• Directions for this task
Please make an exact copy of the lines from the one holding "Legal-Bay LLC Logo." through the end of the data, both ends included, with no pictures.

• Material provided
——

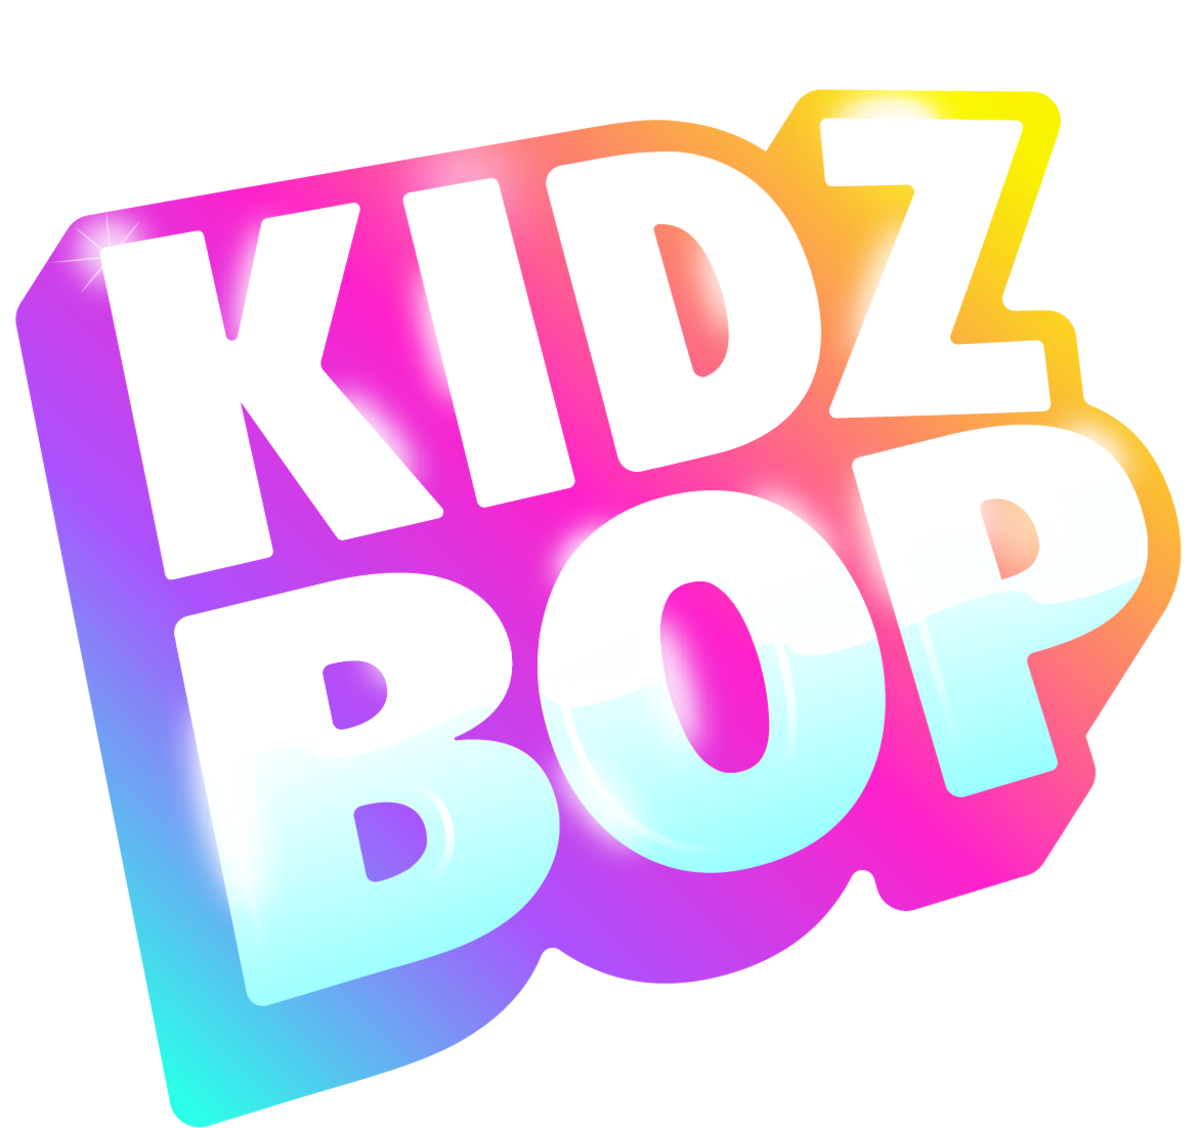 Kidz Bop Kids - Kidz Bop, Vol. 2
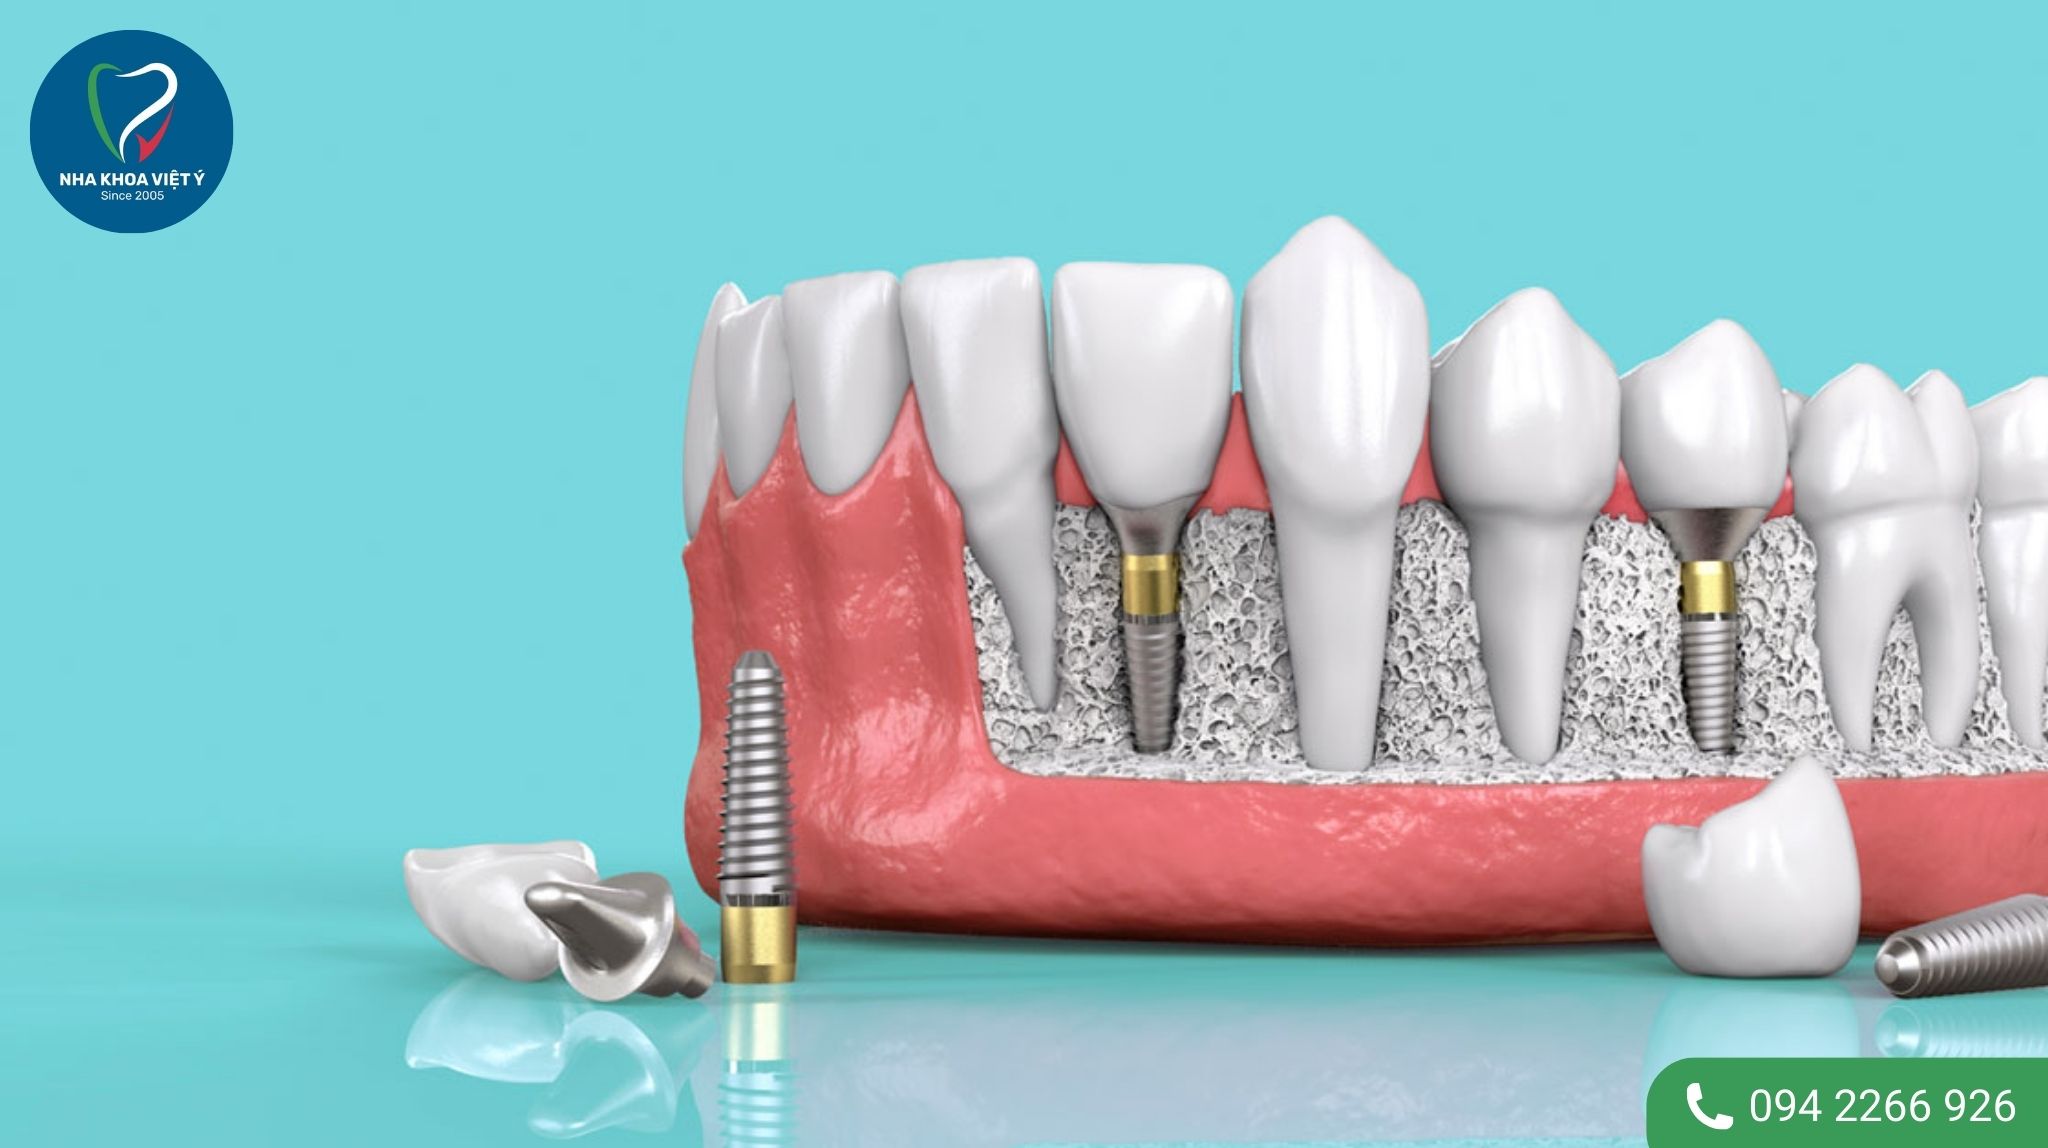 Trồng răng implant mất bao lâu?
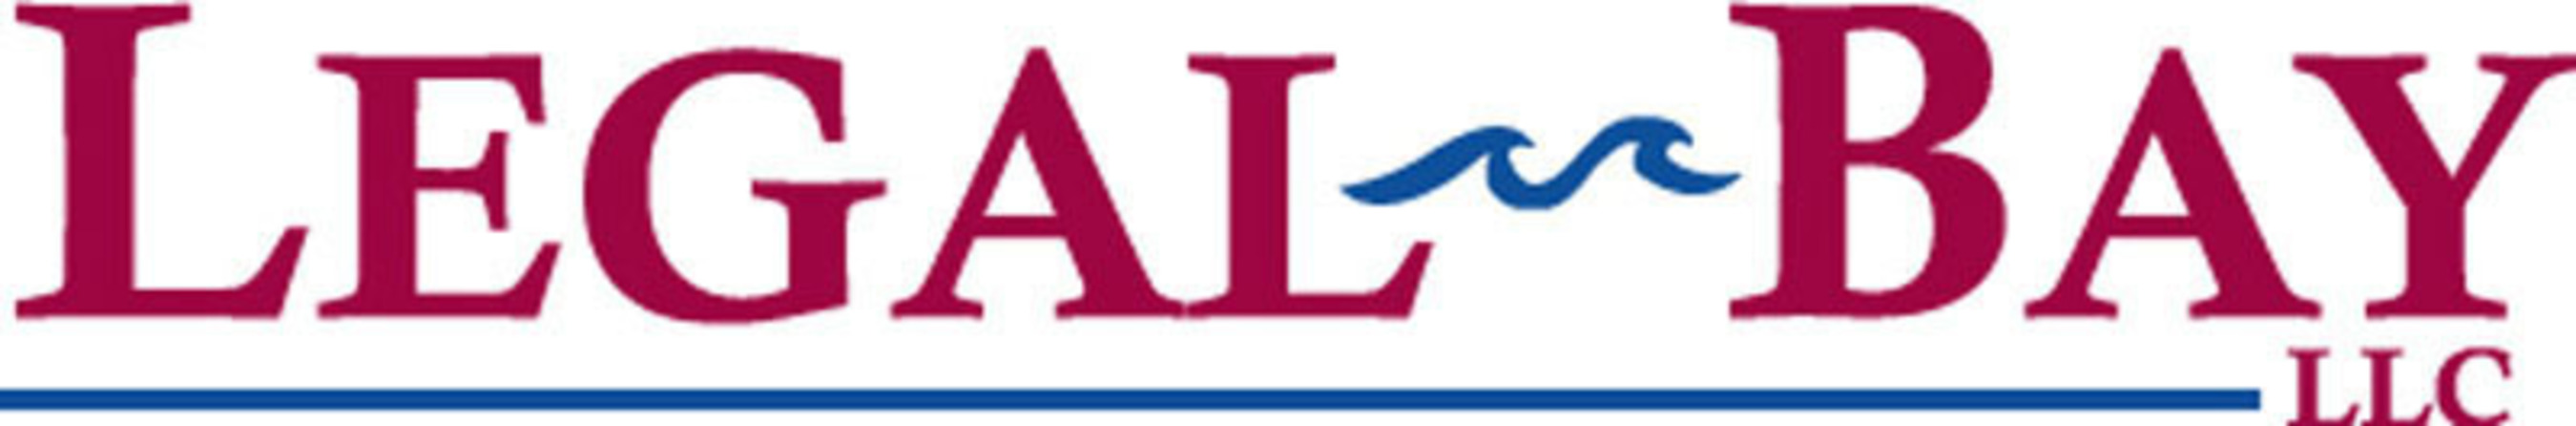 Legal-Bay LLC Logo. (PRNewsFoto/Legal-Bay) (PRNewsFoto/LEGAL-BAY)
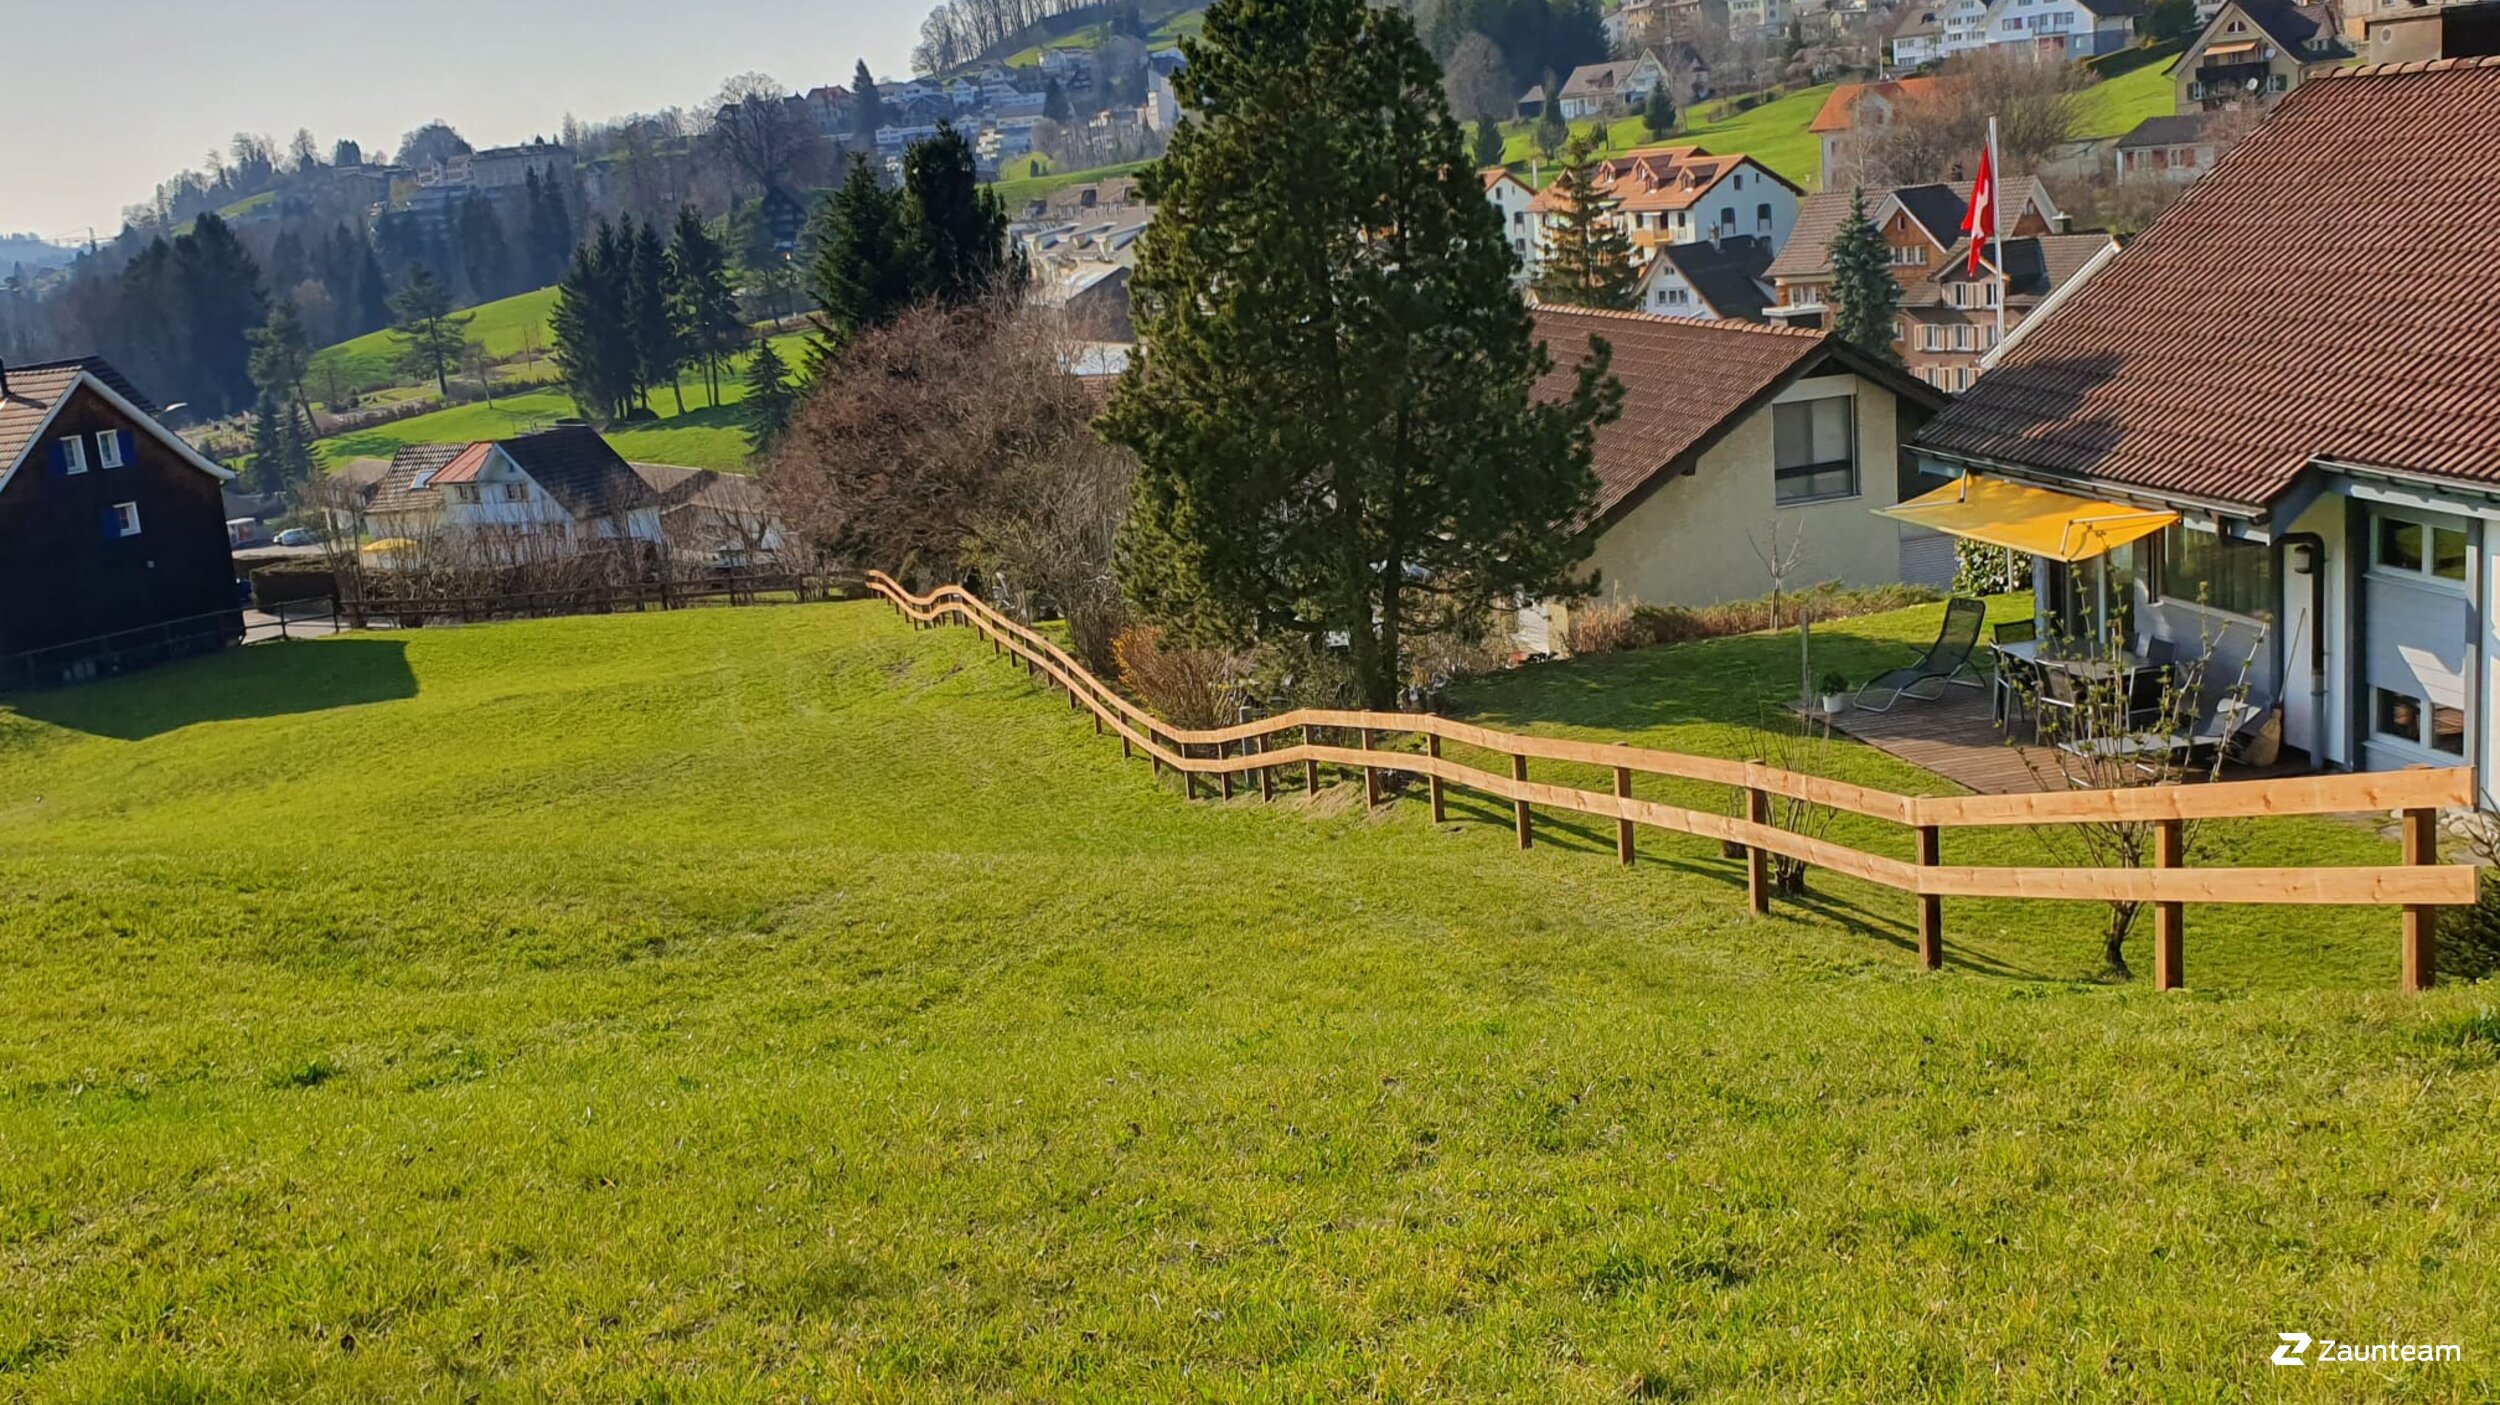 Clôture ranch de 2020 à 9053 Teufen  Suisse de Zaunteam Appenzellerland.

——

• Your solution
 Legal-Bay LLC Logo. (PRNewsFoto/Legal-Bay) (PRNewsFoto/LEGAL-BAY)
 Clôture ranch de 2020 à 9053 Teufen  Suisse de Zaunteam Appenzellerland.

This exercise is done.